Source records
· · · · · · ·

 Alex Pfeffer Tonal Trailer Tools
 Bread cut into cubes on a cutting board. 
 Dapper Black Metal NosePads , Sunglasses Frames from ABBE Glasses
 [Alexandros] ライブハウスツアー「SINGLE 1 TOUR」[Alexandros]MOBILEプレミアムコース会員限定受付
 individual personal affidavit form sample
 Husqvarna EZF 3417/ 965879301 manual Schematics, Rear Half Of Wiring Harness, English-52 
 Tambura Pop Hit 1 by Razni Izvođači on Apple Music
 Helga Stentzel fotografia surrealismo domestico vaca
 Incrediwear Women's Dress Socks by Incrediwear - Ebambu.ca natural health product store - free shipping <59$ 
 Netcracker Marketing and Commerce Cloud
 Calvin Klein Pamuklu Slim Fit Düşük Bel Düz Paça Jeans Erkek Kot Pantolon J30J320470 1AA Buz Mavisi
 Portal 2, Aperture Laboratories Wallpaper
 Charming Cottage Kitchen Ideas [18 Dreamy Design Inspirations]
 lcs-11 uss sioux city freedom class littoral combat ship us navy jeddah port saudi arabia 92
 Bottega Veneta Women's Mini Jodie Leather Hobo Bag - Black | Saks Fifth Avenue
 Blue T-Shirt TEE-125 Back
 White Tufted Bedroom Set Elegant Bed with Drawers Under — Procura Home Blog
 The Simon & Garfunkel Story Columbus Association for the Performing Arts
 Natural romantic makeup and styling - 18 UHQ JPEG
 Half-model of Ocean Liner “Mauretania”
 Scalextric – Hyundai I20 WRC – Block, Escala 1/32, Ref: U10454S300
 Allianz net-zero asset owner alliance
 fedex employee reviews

· · · · · · ·

__HOW TO COMPLETE THIS TASK__
Look above for the line containing "Blue T-Shirt TEE-125 Back". Return it and each line after it exactly, through the last line, and nothing more.

__TASK SOLUTION__
 Blue T-Shirt TEE-125 Back
 White Tufted Bedroom Set Elegant Bed with Drawers Under — Procura Home Blog
 The Simon & Garfunkel Story Columbus Association for the Performing Arts
 Natural romantic makeup and styling - 18 UHQ JPEG
 Half-model of Ocean Liner “Mauretania”
 Scalextric – Hyundai I20 WRC – Block, Escala 1/32, Ref: U10454S300
 Allianz net-zero asset owner alliance
 fedex employee reviews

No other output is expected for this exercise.